# At Last



## Plum (May 4, 2006)

Well, the fish project is moving along nicely now.

I have the 960 up and running, though have run into some issues with my 450 Gallon sump...... it has given me a headache with a slow leak for about 30 days now... The wife is not pleased!!

Along with my original plan, I started construction on some of the plywood ponds, having already completed a tier system with a 600 Gallon pond on the bottom, and 300 Gallon on the top.

Here's a video i took of the 960 just getting up and running -






Need better looking fish though....


----------



## Guest (Sep 2, 2010)

No video showing Plum


----------



## Plum (May 4, 2006)

I must be getting old....

have no idea how to get it directly on the site!!


----------



## Lifer374 (Dec 5, 2003)

Plum said:


> Need better looking fish though....


Gotta agree with you on that one.







Good job!






The "Insert Media" tab above.
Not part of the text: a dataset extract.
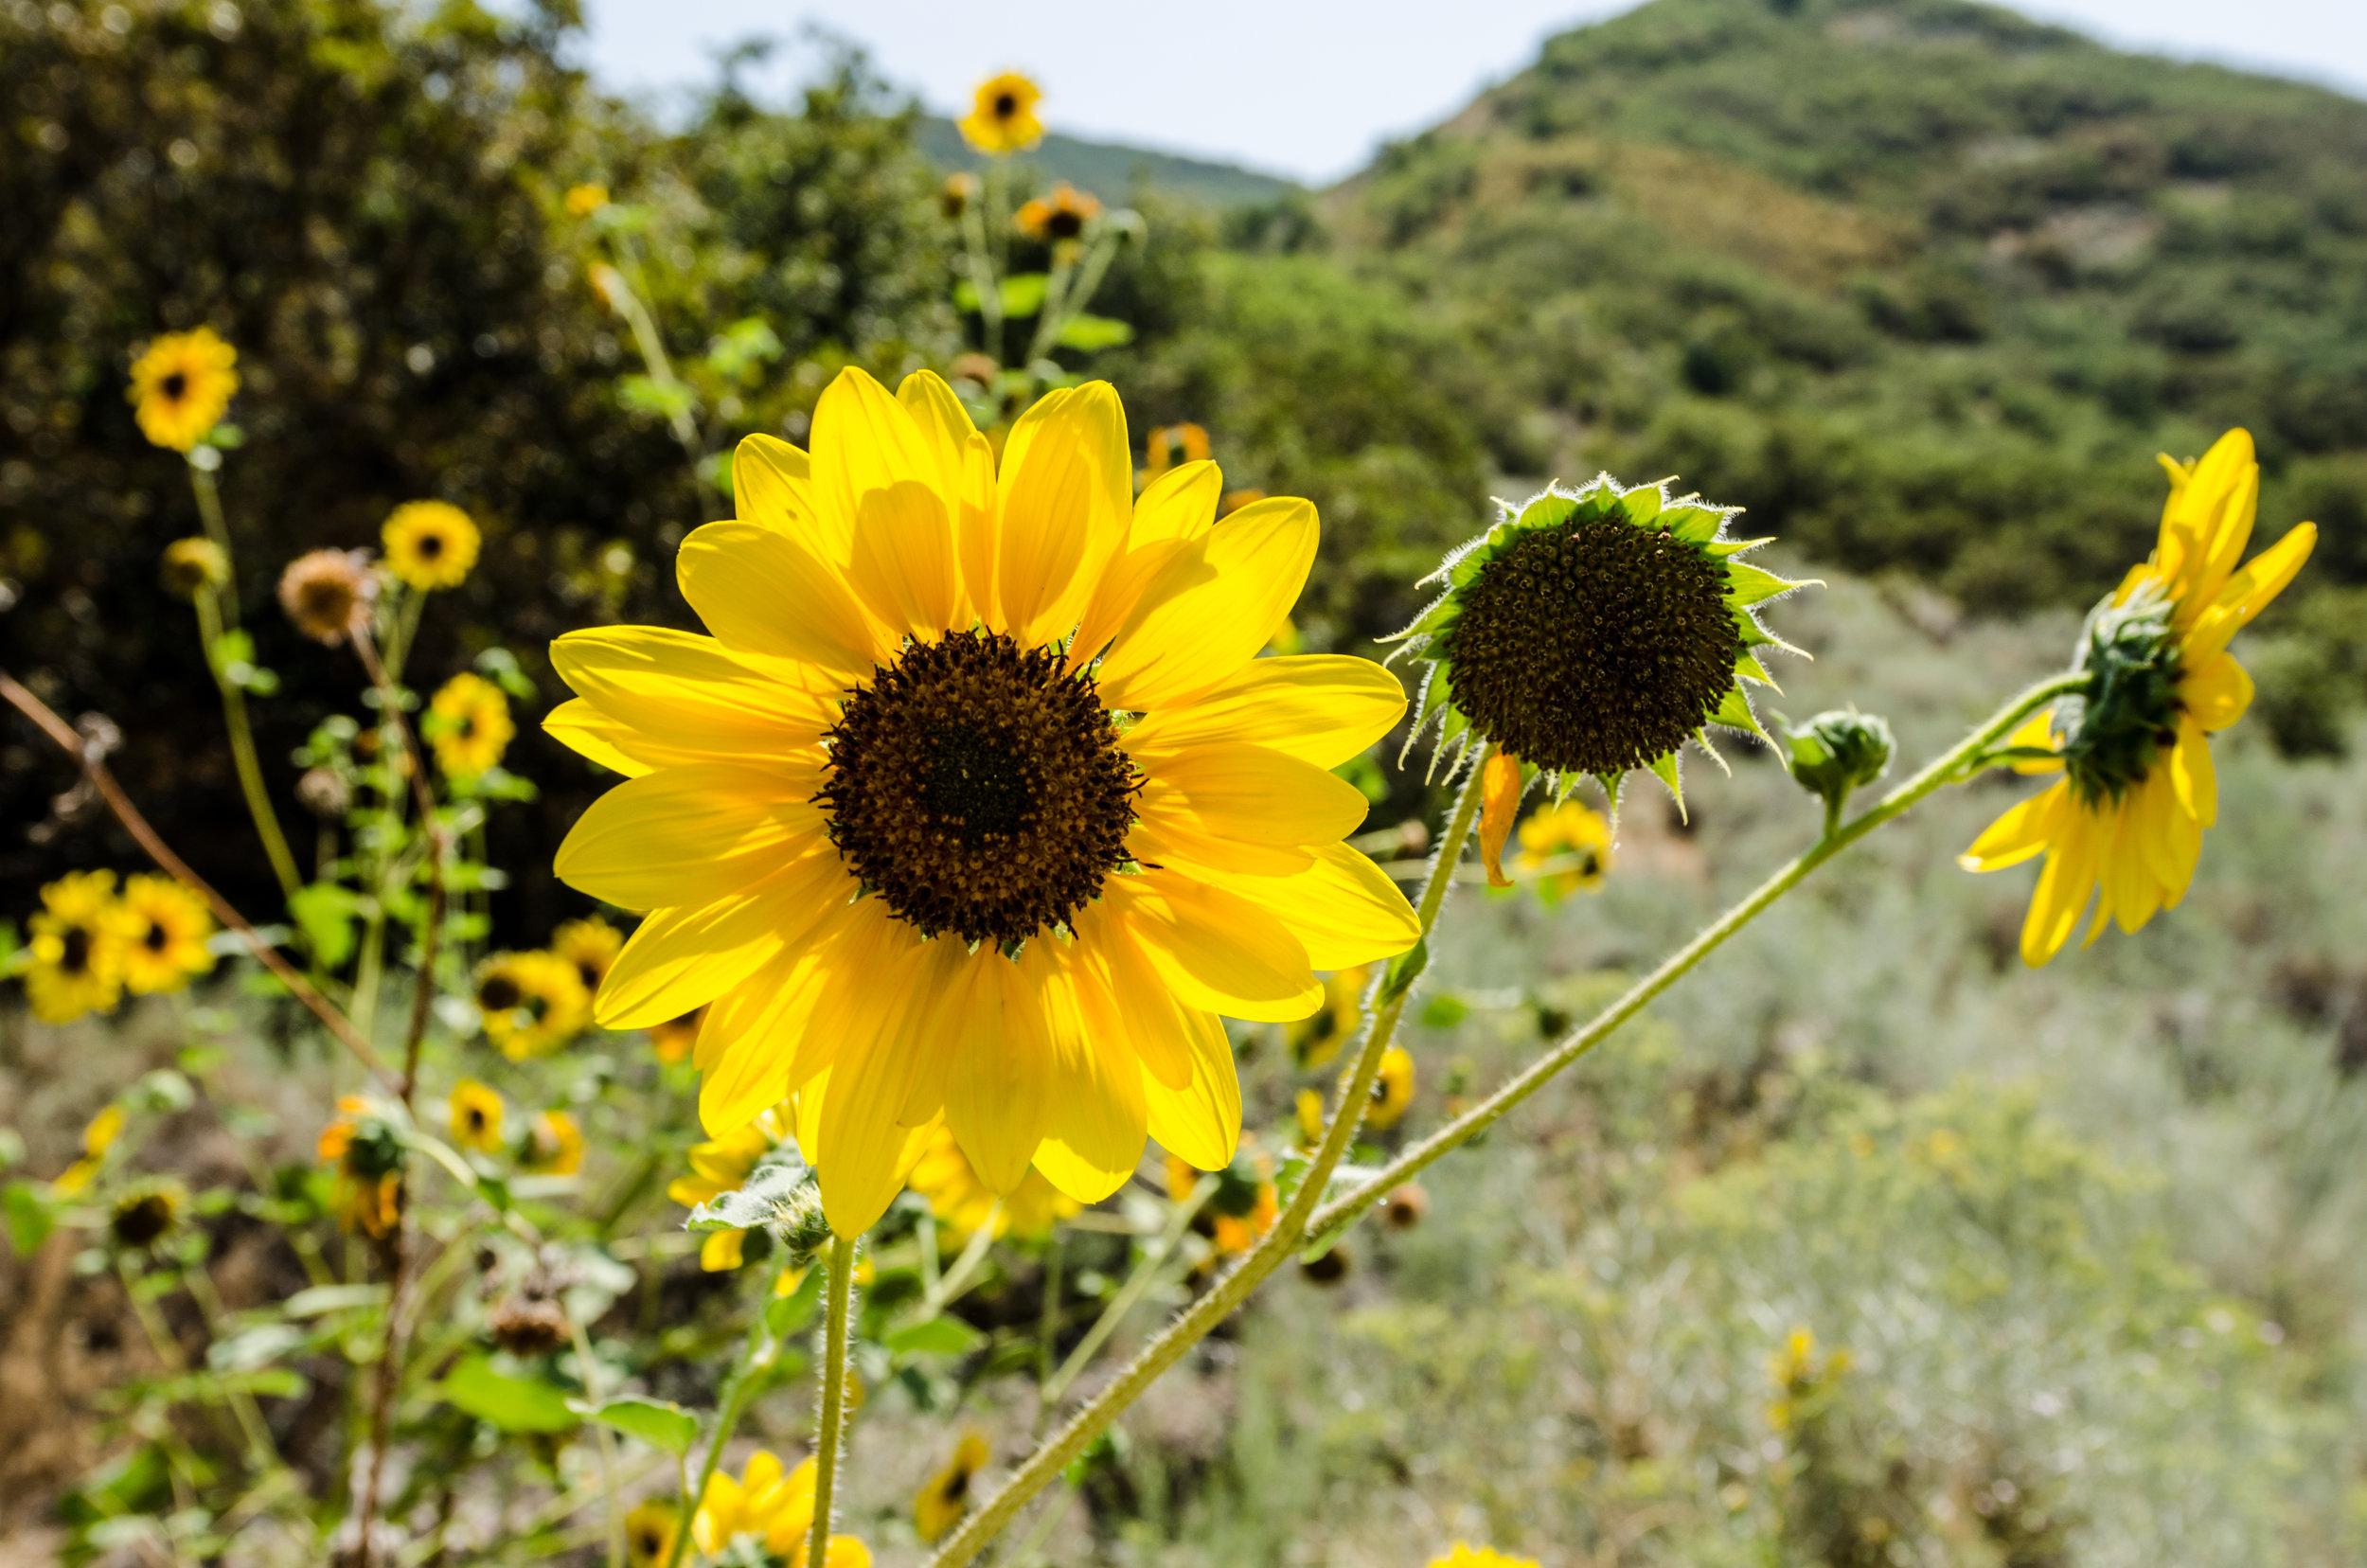 Annual sunflower (Helianthus annuus) 3.jpg

Just copy and paste the URL in there while your typing a post.


----------



## cmulawka (Dec 11, 2007)

Ha Having a big tank it is actually manditory you swim in it....


----------



## His Majesty (Apr 5, 2005)

960g tank? thats big. is it going to be another piranha tank or something more exotic?

look forward to seeing it develop. keep us posted


----------



## Soul Assassin (Nov 21, 2006)

any updates?


----------